A seemingly unending struggle

Everytime The Factory by Rahul Roy is screened across the country, a tribute is paid to the struggle of Maruti workers against the company in Manesar.

The documentary revisits the lives of the workers, who are still fighting the management of Maruti Suzuki. The workers strike gained maximum attention from 2011 to 2013.  The struggle which was initially about the company’s corporate structure, gradually became about the government, the judiciary, the environment and lastly, poverty — all of which is given apt importance in the film, in descending order.

On July 18, 2012, when the managing director of the plant died in a suspicious fire accident amidst the violent rift between the management and the workers, 147 workers were jailed on murder charges, out of which around 30 are still in jail. Most of them were part of the union which was already struggling against the company’s regulations, the main being the good conduct bond.

The struggle is shown in a Kafkaesque sense, where the lives of the Maruti workers outside jail, and also the ‘absent’ faces inside, are intertwined in personal turmoil as well as with the district and High Court. The one-and-a-half hour long film follows their daily lives and their journey which is close to K’s journey to the castle in The Castle by Franz Kafka. It is disheartening and painful to see families of those whose monthly income was nothing more than Rs 8,000 to Rs 10,000 losing their only earning member to a “not a strong case.”
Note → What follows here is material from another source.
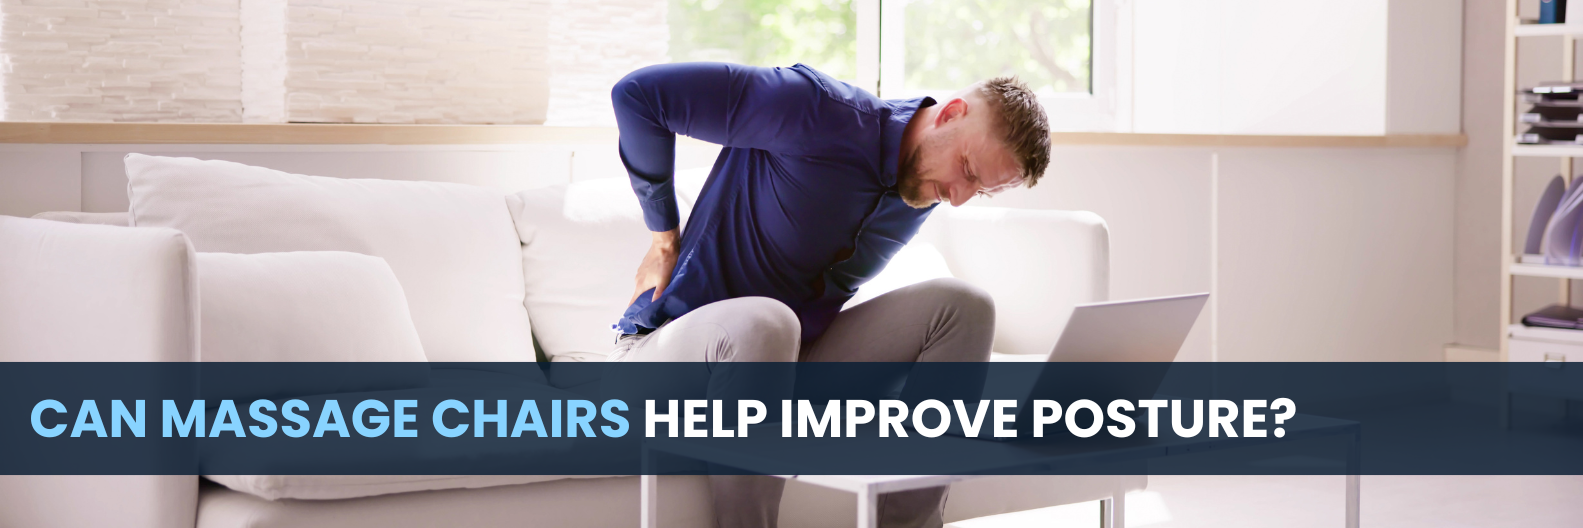 Enhance both posture and well-being with massage chairs. Explore the myriad health advantages they offer, such as stress relief, enhanced circulation, and more!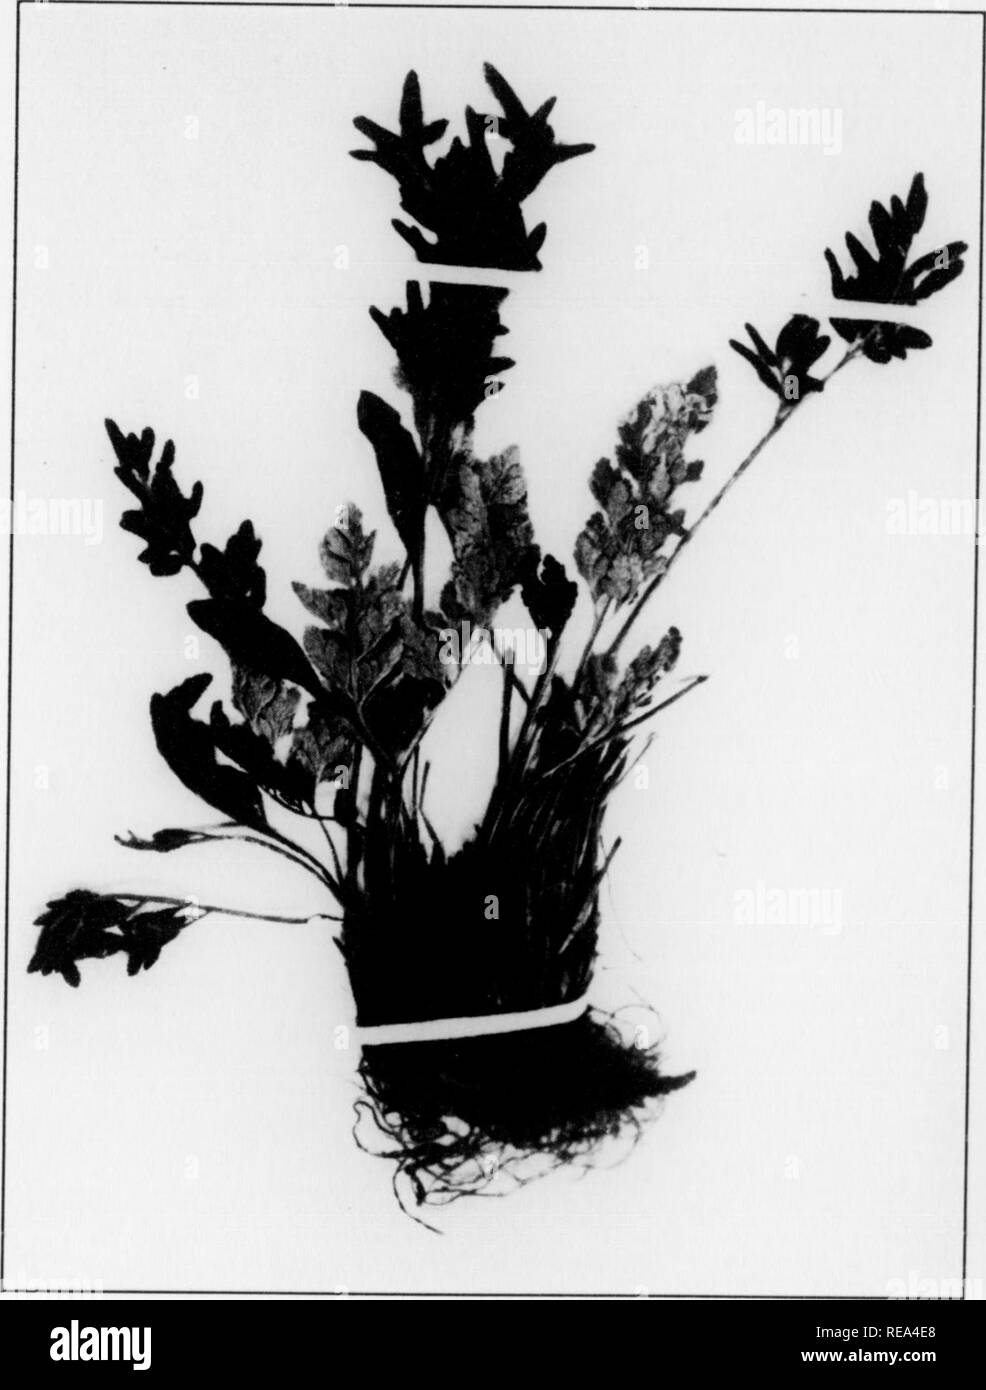 . Contributions from the Botanical Laboratory, vol. 7. Botany; Botany. 3- 24 JOHN W. HARSHBERGER grassy bank to prevent the sods of grass from slipping down. One plant of this group was collected by the writer. Cryptogramma acrostichoides R. Br. The parsley fern has a tufted habit with fertile fronds taller than the sterile. The numerous stipes are straw colored. This common fern grows abundantly on the screes above Lake Agnes in the Canadian Rocky mountains and was collected there (Fig. 7). It is a typical scree-banker. Addenda A few notes should be added about a few scree plants of Aha Peak, Stock Photo

On one hand we see Maruti Suzuki gaining more shares in the country with a car rolling out of the plant every 50 seconds, on the other hand we hear the story of these struggling workers who worked for eight hours a day, with 30 minutes recess (which they claimed to be 10 minutes) and a seven minute tea break.

Though the jail and courtrooms were always talked about, there are no shots from inside the jail or the courtroom in the film. “This was done on purpose. I wanted to show only the outside of the jail and how there’s more struggle outside that structure,” says Rahul Roy, director.

Even if the jailed unionists are ‘absent’ on screen, their semblance is felt throughout the film. In one shot a wife receives a letter from her husband in jail, who declares his love for her and also the struggle.

When one starts understanding the discrepancies of the famous tarik pe tarik system of the judicial system in India, Roy takes us through the environmental hazards the Maruti Suzuki plant caused over the years. The most dangerous one being the blocked rainwater trails which joined the Yamuna before the plant was constructed right on top of four such trails. The environmental hazard leads us to square one — the government — that allotted the land to Maruti Suzuki where these trails moved freely. The film is observational, where one sees facts, and they are not narrated or projected in texts.